▶ _WHAT THIS TASK INVOLVES_: Using the entries below, output each line exactly from the first through the one that contains "Conn saxophone serial numbers and value".

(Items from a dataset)
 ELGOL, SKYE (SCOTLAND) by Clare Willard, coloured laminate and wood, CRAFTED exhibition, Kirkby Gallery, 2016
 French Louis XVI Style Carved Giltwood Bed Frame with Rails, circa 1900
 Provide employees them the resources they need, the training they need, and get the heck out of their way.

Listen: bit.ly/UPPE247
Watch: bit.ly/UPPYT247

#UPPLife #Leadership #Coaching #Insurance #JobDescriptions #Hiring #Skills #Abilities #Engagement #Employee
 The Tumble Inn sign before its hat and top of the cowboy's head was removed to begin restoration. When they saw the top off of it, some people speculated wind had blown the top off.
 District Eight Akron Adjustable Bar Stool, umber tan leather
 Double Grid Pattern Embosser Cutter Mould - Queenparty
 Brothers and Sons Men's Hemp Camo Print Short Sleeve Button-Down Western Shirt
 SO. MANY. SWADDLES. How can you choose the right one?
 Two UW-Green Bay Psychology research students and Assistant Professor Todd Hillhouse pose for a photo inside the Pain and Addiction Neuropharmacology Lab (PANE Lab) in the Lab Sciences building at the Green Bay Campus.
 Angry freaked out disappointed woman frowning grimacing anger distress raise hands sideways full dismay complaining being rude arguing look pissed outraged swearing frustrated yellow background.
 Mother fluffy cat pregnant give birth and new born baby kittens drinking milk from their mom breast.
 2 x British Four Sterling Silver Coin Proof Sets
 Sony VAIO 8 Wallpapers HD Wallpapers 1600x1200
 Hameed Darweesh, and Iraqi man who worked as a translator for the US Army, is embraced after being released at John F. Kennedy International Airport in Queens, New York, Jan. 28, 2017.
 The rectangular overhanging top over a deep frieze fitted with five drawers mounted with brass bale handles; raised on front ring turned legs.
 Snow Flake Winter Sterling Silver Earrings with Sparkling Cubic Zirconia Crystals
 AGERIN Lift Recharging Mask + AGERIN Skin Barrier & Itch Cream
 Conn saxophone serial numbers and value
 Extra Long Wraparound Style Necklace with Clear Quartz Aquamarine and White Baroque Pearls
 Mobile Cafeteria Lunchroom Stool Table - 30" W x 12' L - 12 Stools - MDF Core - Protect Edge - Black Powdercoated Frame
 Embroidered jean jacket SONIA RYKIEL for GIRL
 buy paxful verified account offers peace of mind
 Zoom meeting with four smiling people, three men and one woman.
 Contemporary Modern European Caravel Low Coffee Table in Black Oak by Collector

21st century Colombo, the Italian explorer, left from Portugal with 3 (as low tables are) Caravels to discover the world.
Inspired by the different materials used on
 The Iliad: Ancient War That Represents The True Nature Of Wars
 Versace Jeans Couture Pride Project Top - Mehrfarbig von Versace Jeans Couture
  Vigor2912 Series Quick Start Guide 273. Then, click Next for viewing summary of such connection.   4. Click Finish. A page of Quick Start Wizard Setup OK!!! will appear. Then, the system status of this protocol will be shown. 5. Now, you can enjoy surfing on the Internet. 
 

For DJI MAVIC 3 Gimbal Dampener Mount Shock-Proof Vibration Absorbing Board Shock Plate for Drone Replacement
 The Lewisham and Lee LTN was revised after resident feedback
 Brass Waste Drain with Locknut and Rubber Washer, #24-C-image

▶ _RESULT FOR THIS EXERCISE_:
 ELGOL, SKYE (SCOTLAND) by Clare Willard, coloured laminate and wood, CRAFTED exhibition, Kirkby Gallery, 2016
 French Louis XVI Style Carved Giltwood Bed Frame with Rails, circa 1900
 Provide employees them the resources they need, the training they need, and get the heck out of their way.

Listen: bit.ly/UPPE247
Watch: bit.ly/UPPYT247

#UPPLife #Leadership #Coaching #Insurance #JobDescriptions #Hiring #Skills #Abilities #Engagement #Employee
 The Tumble Inn sign before its hat and top of the cowboy's head was removed to begin restoration. When they saw the top off of it, some people speculated wind had blown the top off.
 District Eight Akron Adjustable Bar Stool, umber tan leather
 Double Grid Pattern Embosser Cutter Mould - Queenparty
 Brothers and Sons Men's Hemp Camo Print Short Sleeve Button-Down Western Shirt
 SO. MANY. SWADDLES. How can you choose the right one?
 Two UW-Green Bay Psychology research students and Assistant Professor Todd Hillhouse pose for a photo inside the Pain and Addiction Neuropharmacology Lab (PANE Lab) in the Lab Sciences building at the Green Bay Campus.
 Angry freaked out disappointed woman frowning grimacing anger distress raise hands sideways full dismay complaining being rude arguing look pissed outraged swearing frustrated yellow background.
 Mother fluffy cat pregnant give birth and new born baby kittens drinking milk from their mom breast.
 2 x British Four Sterling Silver Coin Proof Sets
 Sony VAIO 8 Wallpapers HD Wallpapers 1600x1200
 Hameed Darweesh, and Iraqi man who worked as a translator for the US Army, is embraced after being released at John F. Kennedy International Airport in Queens, New York, Jan. 28, 2017.
 The rectangular overhanging top over a deep frieze fitted with five drawers mounted with brass bale handles; raised on front ring turned legs.
 Snow Flake Winter Sterling Silver Earrings with Sparkling Cubic Zirconia Crystals
 AGERIN Lift Recharging Mask + AGERIN Skin Barrier & Itch Cream
 Conn saxophone serial numbers and value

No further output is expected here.